Milena Tsvetkova published her first paper after spending a summer at SFI in 2009. Now, an Assistant Professor of Computational Social Science at the London School of Economics, Tsvetkova returned to SFI for a four-month sabbatical before beginning her application for tenure. For the past 14 years, SFI has played an important role at pivotal points in Tsvetkova's career.
“Inspiration comes from confusion, from having your perspectives and ideas challenged by exposure to other fields and research methods,” says Tsvetkova. The collaborative and interdisciplinary nature of the research at SFI offers her exactly that.
A social scientist, Tsvetkova’s interest lies in the “fundamental mechanisms of social interaction,” from research on reciprocity to group identity and cooperation, and larger ideas such as inequality and segregation.

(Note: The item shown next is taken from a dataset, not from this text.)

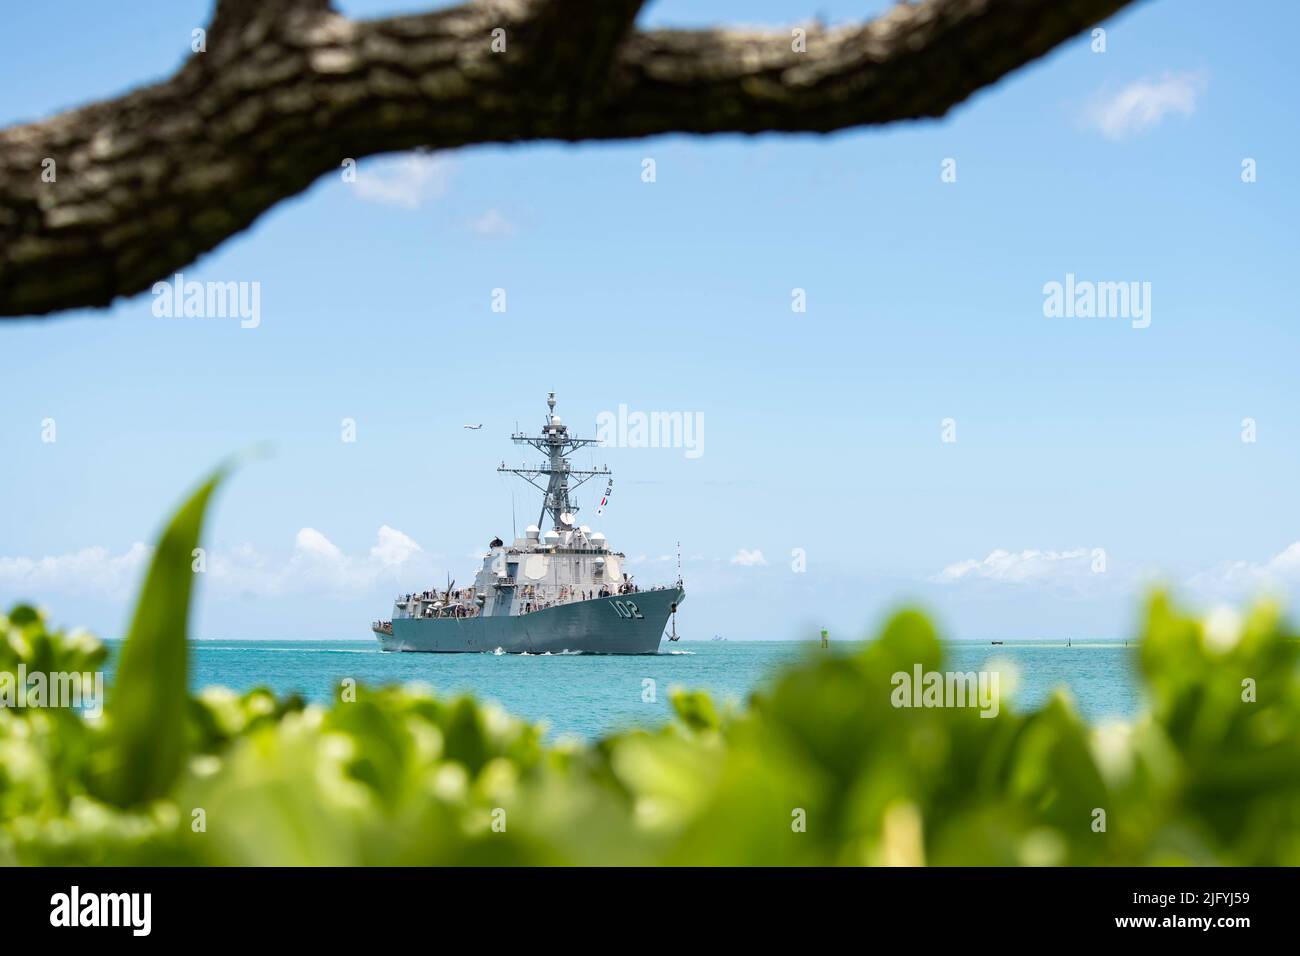 June 28, 2022 - Joint Base Pearl Harbor-Hickam, Hawaii, USA - Arleigh Burke-class guided-missile destroyer USS Sampson (DDG 102) arrives at Joint Base Pearl Harbor-Hickam to participate in Rim of the Pacific (RIMPAC) 2022, June 28. Twenty-six nations, 38 ships, four submarines, more than 170 aircraft and 25,000 personnel are participating in RIMPAC from June 29 to Aug. 4 in and around the Hawaiian Islands and Southern California. The world's largest international maritime exercise, RIMPAC provides a unique training opportunity while fostering and sustaining cooperative relationships among pa Stock Photo

Although these are real-world issues, much of the data can be pulled from online interactions, which mirror physical interactions, too. “I’m focused on basic social science — fundamental social phenomena that could take on certain shapes, that are more or less prominent in different social contexts but almost always dictate our social interactions regardless of where we are and what these interactions are,” she says.
It was her experience as an SFI Complex Systems Summer School student that first sparked her interest in such interactions. She had joined a project on the spread of gossip in social networks, working with a team consisting of herself, an ecologist, electrical engineer, and an urban planner. Becoming her first published paper, this project led her to pursue a Ph.D. at Cornell University.
She returned to SFI in 2013 for the Graduate Workshop in Computational Social Science. The research she conducted also resulted in a publication and friendships that have lasted years. Tsvetkova crosses paths with those other participants fairly often. “A shared SFI experience is a great way to make contacts at a conference and keep them,” she says.
Tsvetkova has since returned to London, taking back with her many possible — and unexpected — topics for future work with new collaborators.
“It was such a radical change of environment. I met so many new people and attended so many events that the four months felt like a year,” she says.